This week, my daughter Ashley (the chef, see her blog) made some peach and raspberry preserves. Sweating away in the kitchen over a steaming pot, made me remember summer kitchens of my childhood -- and a poem I had written a while ago about that experience.
Peaches for Ashley
Come back with me to twelve, my lovely one,
roll out of bed, knowing Dad is on his way back
from the Buffalo market, car and trunk loaded
with five bushels of ripe peaches.

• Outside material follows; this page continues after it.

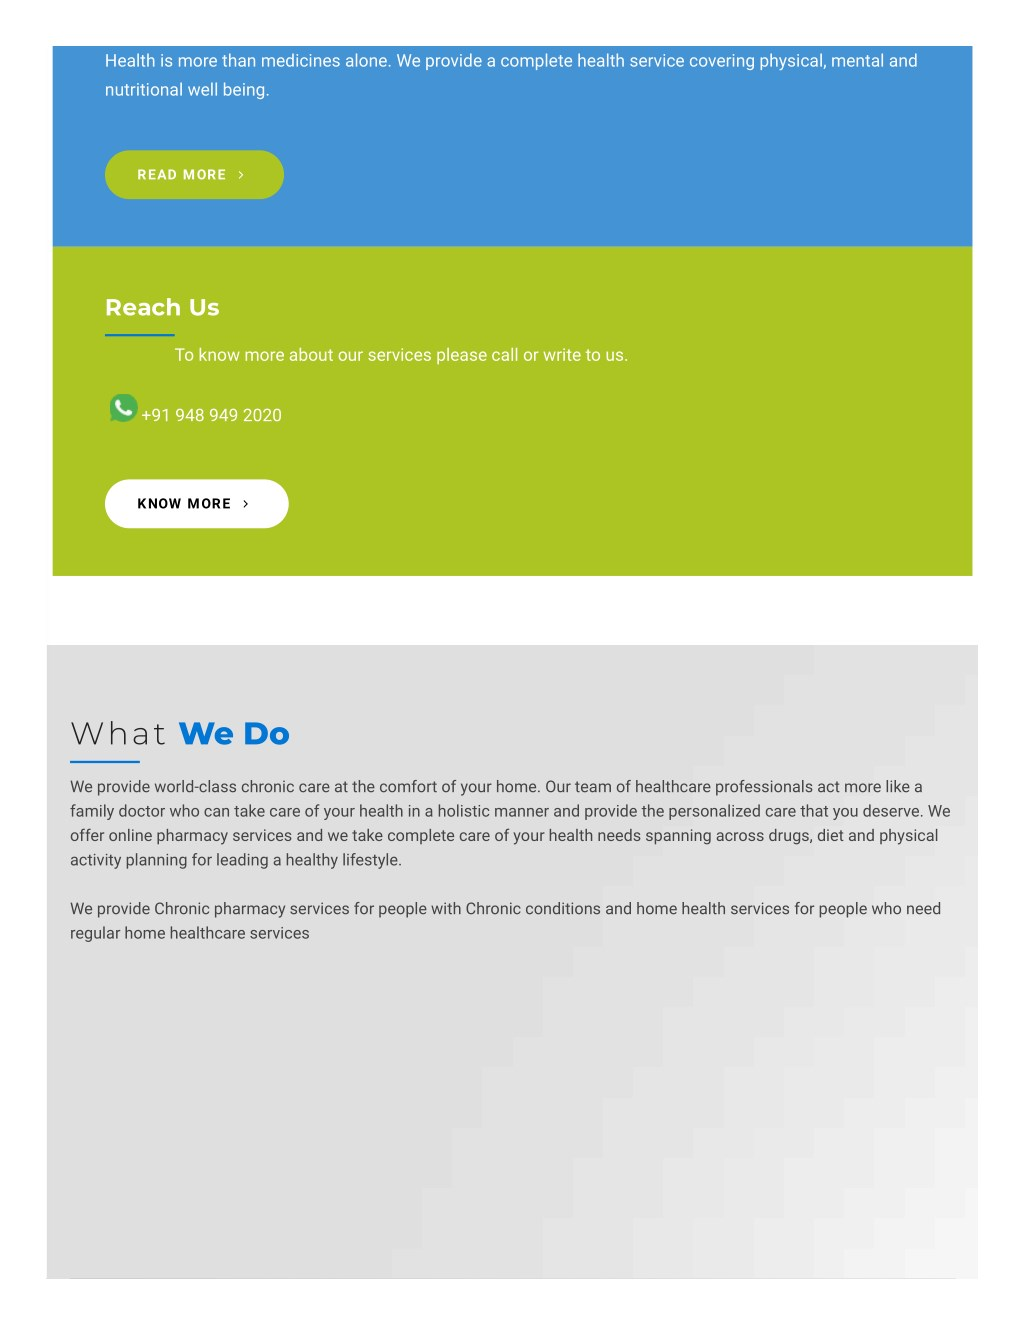 PPT - Patohealth-Online Pharmacy Chennai | Buy Online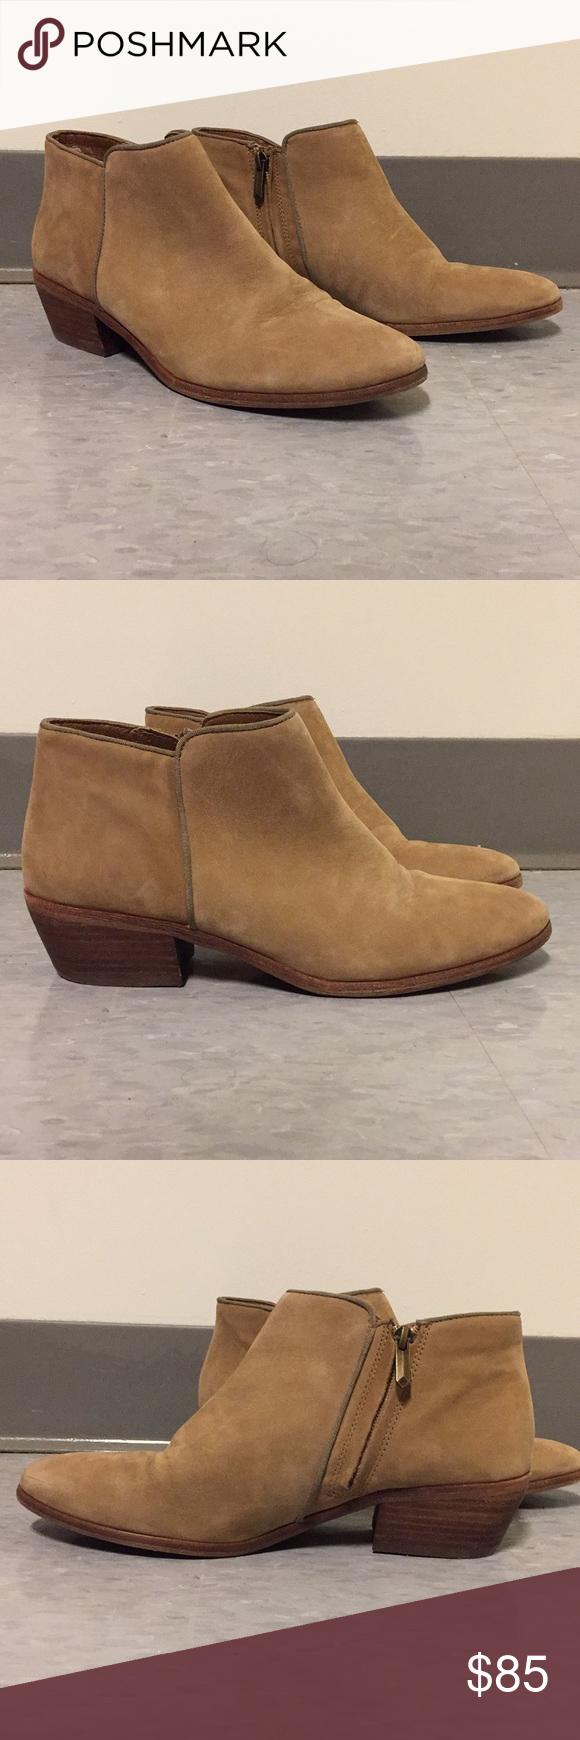 31dd2cfabcb151 Sam Edelman Petty Ankle Boot Honey Nubuck Leather

Knowing we
have missed the ride that started at 4 a.m. and the
egg salad sandwiches and Tang in the cooler.
But we will not miss the kitchen, still cool and clean.
We will not miss hearing Mom tell us to eat breakfast
quick and wash those jars. You’d count with me
till we got close to one hundred and wonder
how we would fill these all in one day. How we
would eat these all in one winter.
Then push
your hand into the cavity of the canning jar, swish
the soapy water, call it clean. Again and again. Watch
Mom rinse the jars with boiling water. Feel the heat.
Feel the heat that will get sticky and sweet with peaches.
If you were there then you would know, Ashley,
how it would go, and you would ache to do the next
job—I know it seems silly to you, that I’d want to do
more than just measure the cup of sugar, slide it
smoothly to the bottom of each jar. Maybe you’d
understand my private glee at my brother’s absence
when I got to layer peach halves in the jars,
nesting one orange semiglobe on top of another.
I’d let you pour the water into the filled jars, and
then I’d screw on the canning ring and lid.
But here are the peaches. Here is the pot of boiling water.
Here the colander to dip the peaches, scald them half
a minute. Then paring knife them naked, dig out their pits.
Those are jobs for Mom and Dad, my fingers much too
tender for such hot work. I can only watch
and fill my jars, and sneak a peach or two from the bowl
of imperfects next to mother’s station. These we
will savor at night on shortcake with whipped cream.
But now, even without sugar, they are honey, they
are nectar. And the steam of boiling pots of water
tears down the side of my face. I mop my cheeks, sticky hands,
and my sweat is sweet and salty. As yours would be.
Later we two would carry the jars that have been submerged
in a boiling bath of water, these cooled and orange filled
jars, to the basement and shelve them. We would know
we had stored sun for dark winter suppers, desserts of peach
cobbler, peach shortcake, peaches in a bowl. And we would
remember hot July, sweet sweaty canning days,
stomachs bloated with too many peach pieces.